-- Dataset section follows --

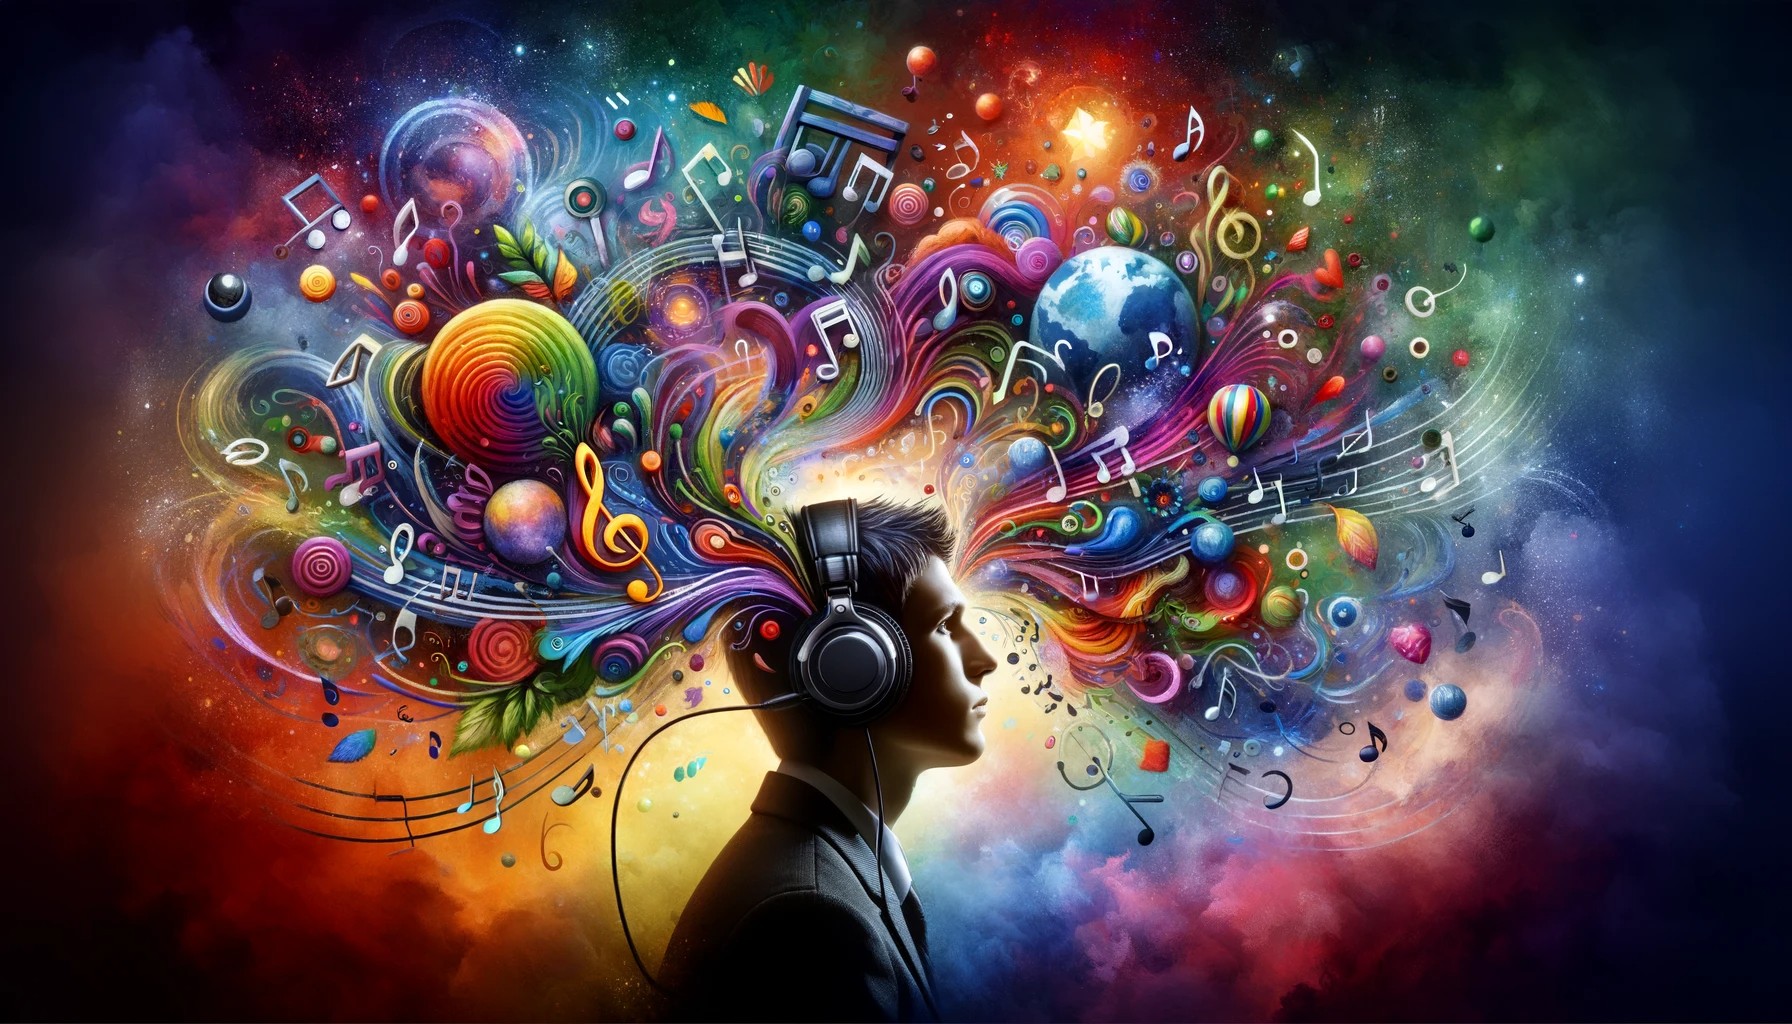 Una persona con auriculares está en el centro de la imagen, rodeada de notas musicales y formas abstractas coloridas que simbolizan emociones como la felicidad, la tristeza y la inspiración. La imagen representa cómo la música influye en la percepción del mundo de la persona, mostrando una mezcla de colores y símbolos musicales integrados de manera surrealista alrededor de ella.
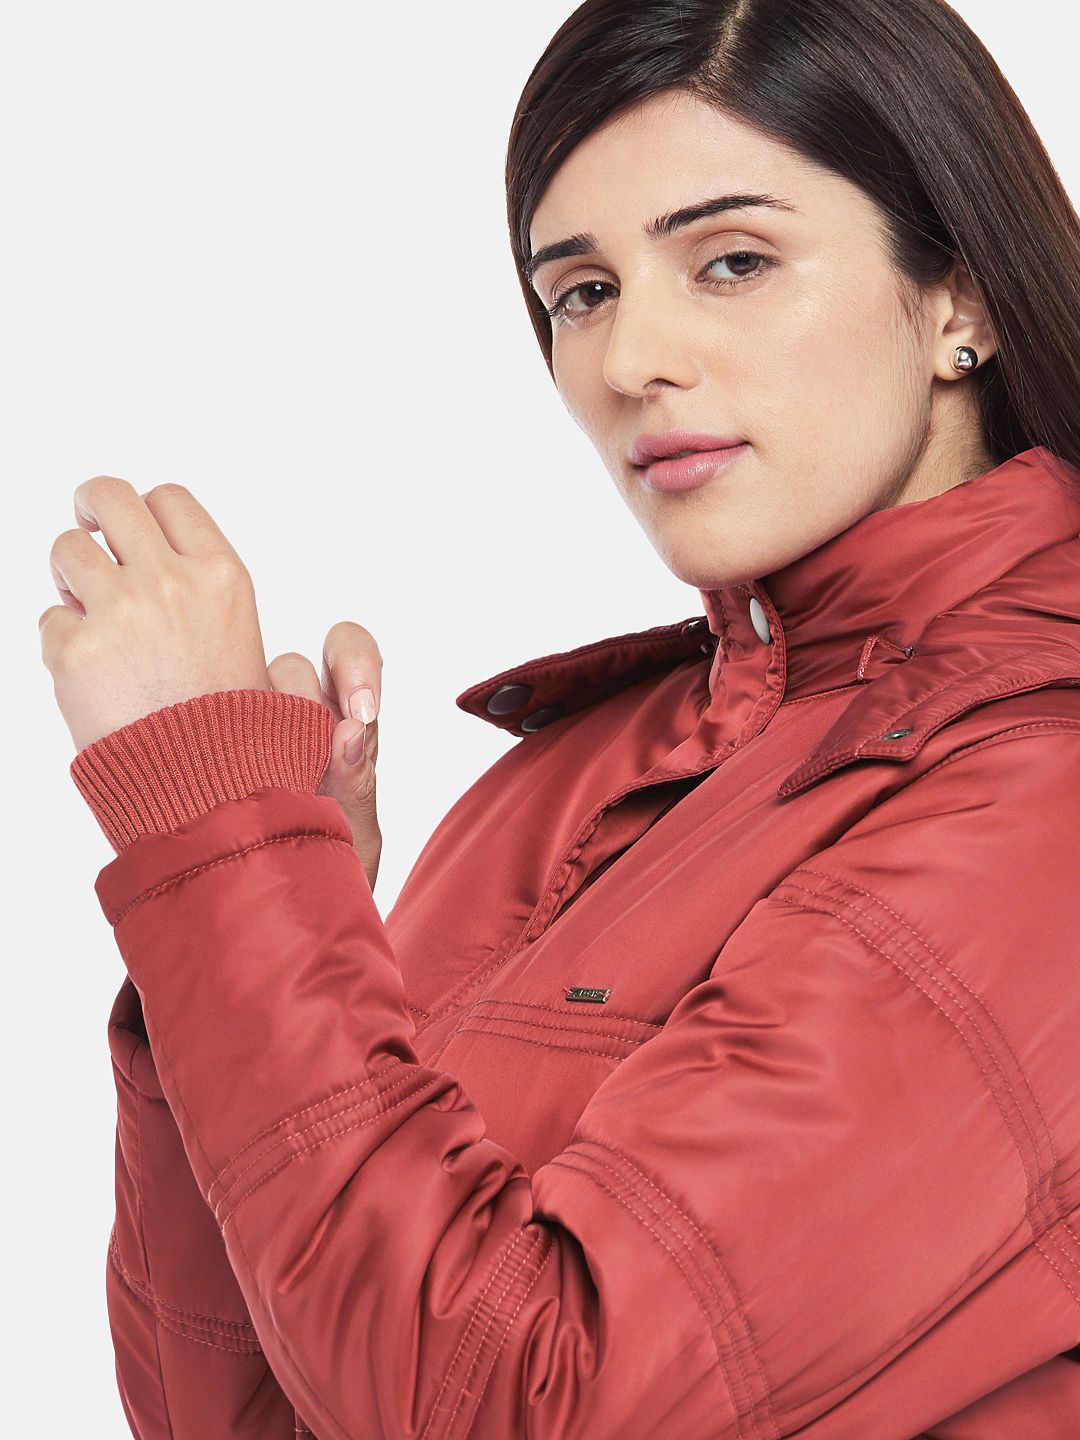 Red Fleece Lined Hooded Parka Jacket | Women
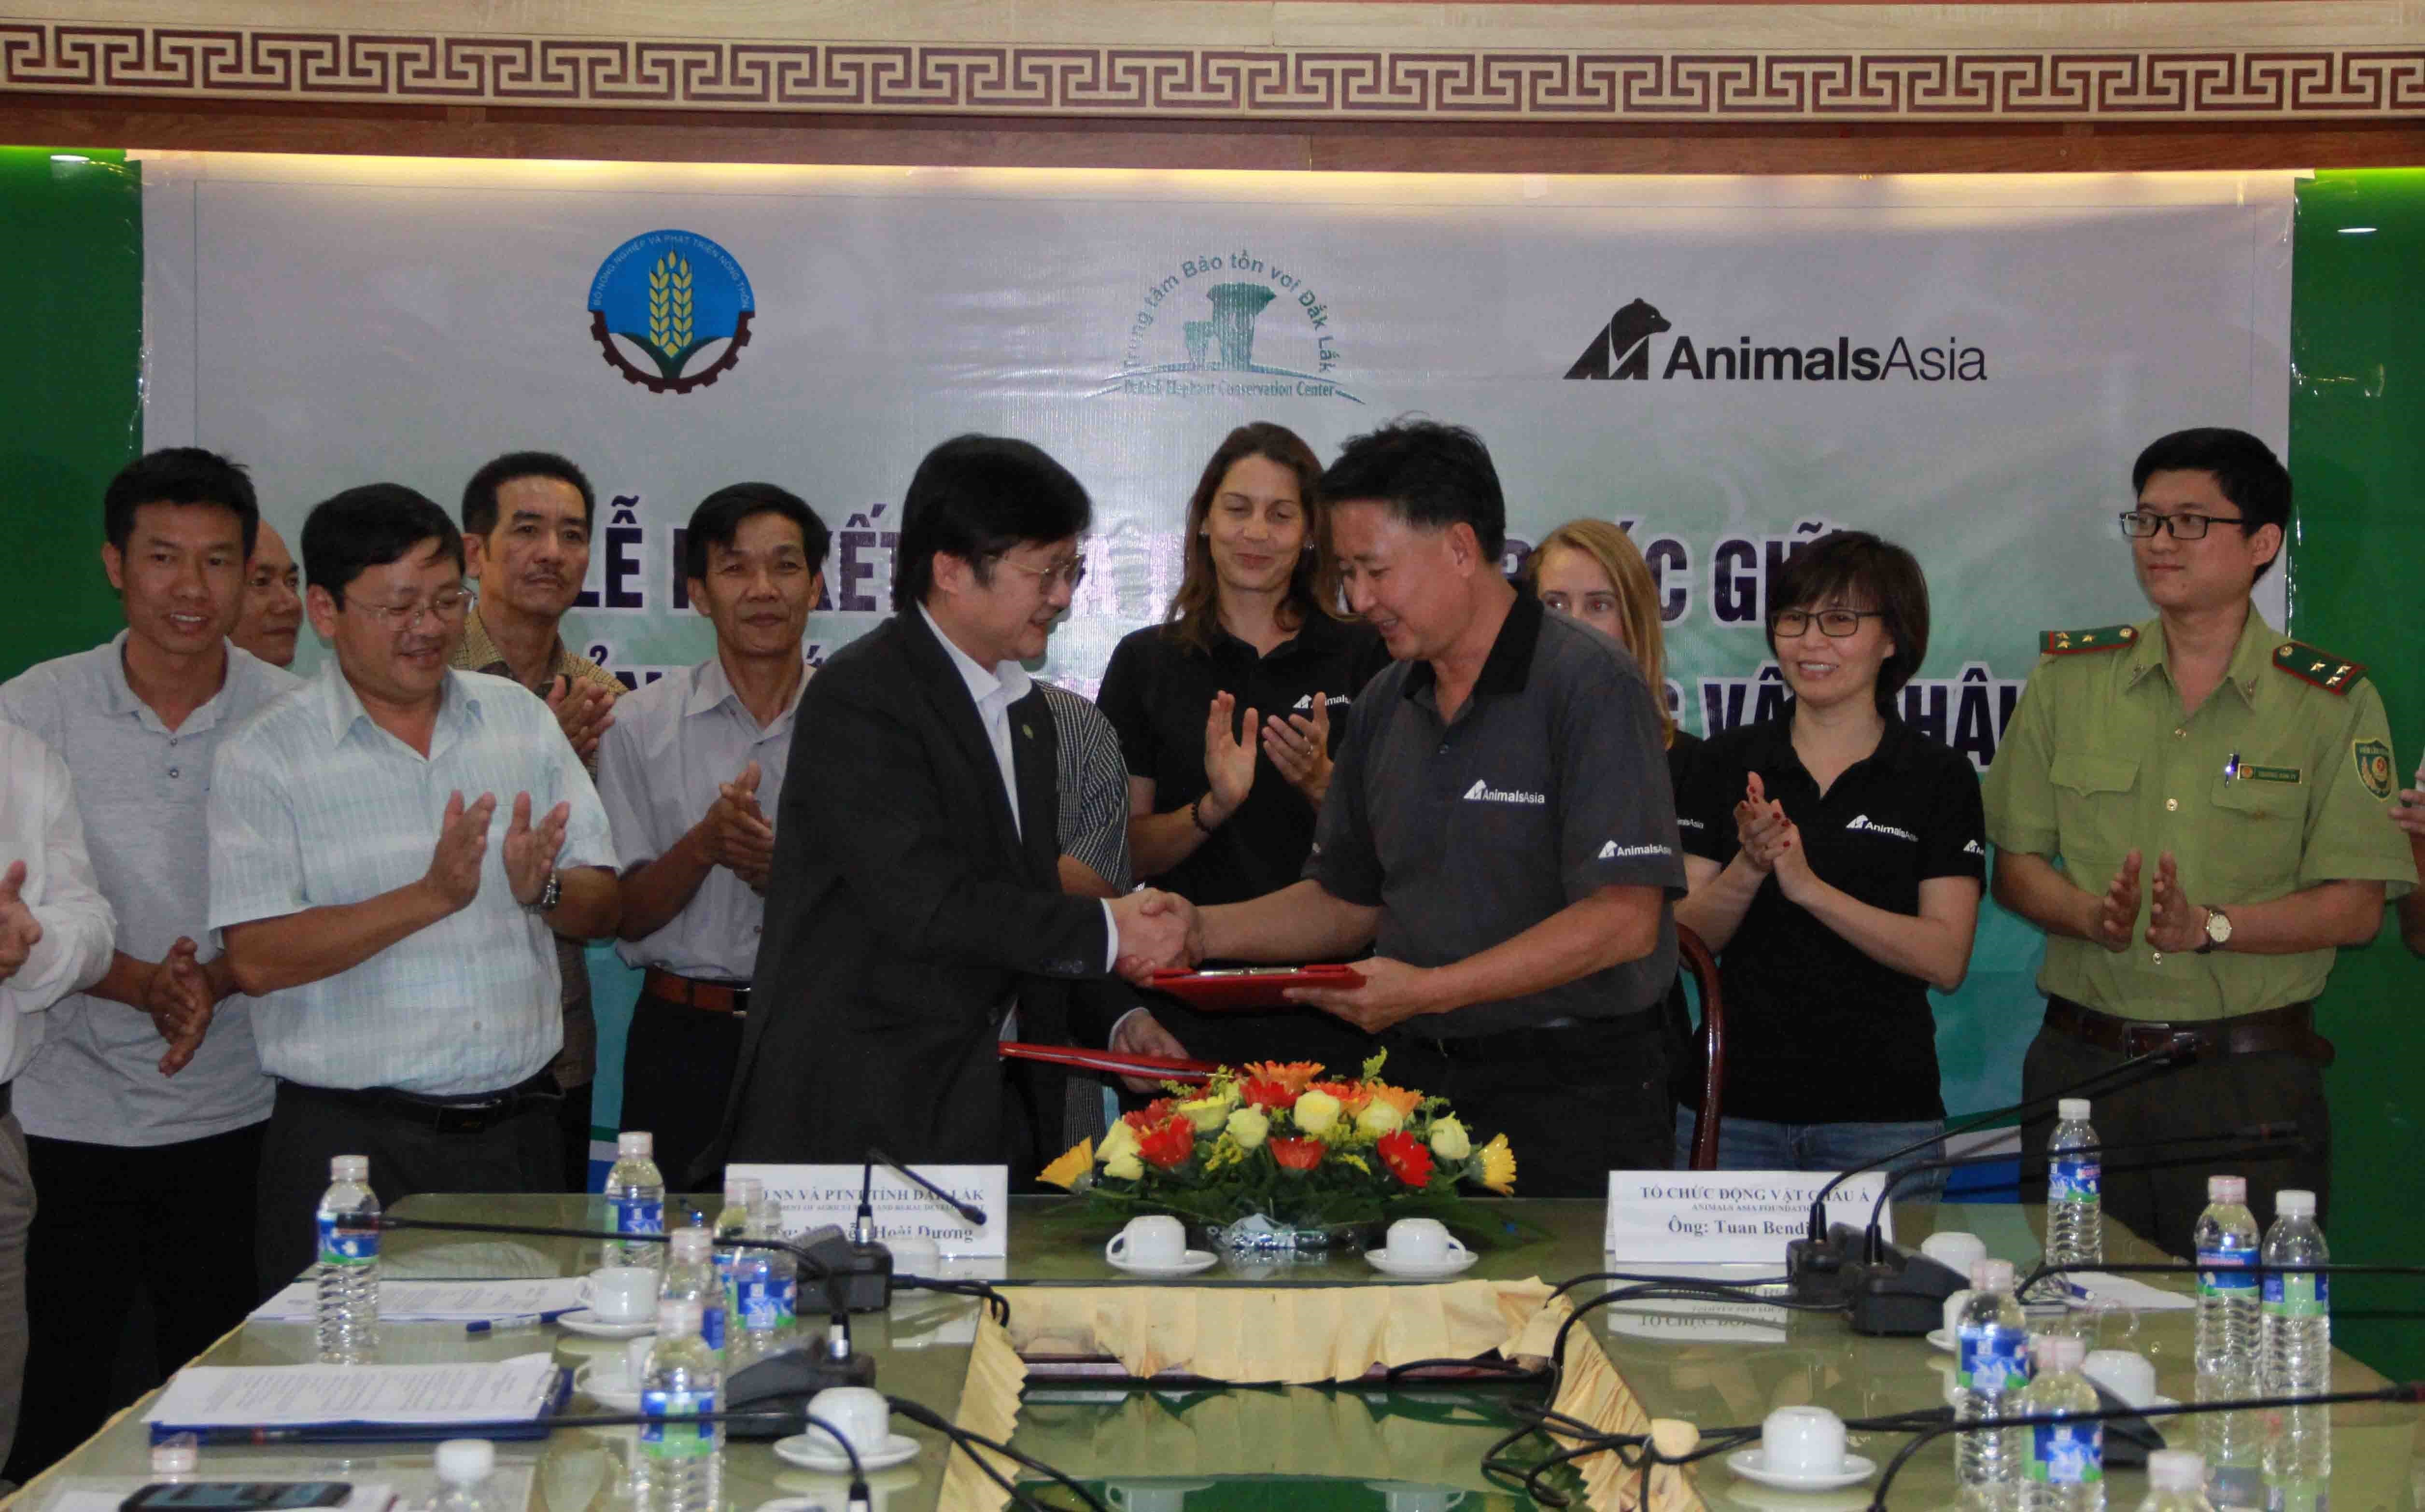 Đại diện Sở Nông nghiệp và Phát triển nông thôn tỉnh Đắk Lắk và đại diện Tổ chức Động vật Châu Á tại Việt Nam ký kết thỏa thuận bảo tồn voi ở Đắk Lắk giai đoạn 2019-2021 ngày 11/1/2019. (Ảnh: Phạm Cường/TTXVN)

-- Dataset section concluded --

Output the data verbatim, images excluded.

 Una persona con auriculares está en el centro de la imagen, rodeada de notas musicales y formas abstractas coloridas que simbolizan emociones como la felicidad, la tristeza y la inspiración. La imagen representa cómo la música influye en la percepción del mundo de la persona, mostrando una mezcla de colores y símbolos musicales integrados de manera surrealista alrededor de ella.
 Red Fleece Lined Hooded Parka Jacket | Women
 Đại diện Sở Nông nghiệp và Phát triển nông thôn tỉnh Đắk Lắk và đại diện Tổ chức Động vật Châu Á tại Việt Nam ký kết thỏa thuận bảo tồn voi ở Đắk Lắk giai đoạn 2019-2021 ngày 11/1/2019. (Ảnh: Phạm Cường/TTXVN)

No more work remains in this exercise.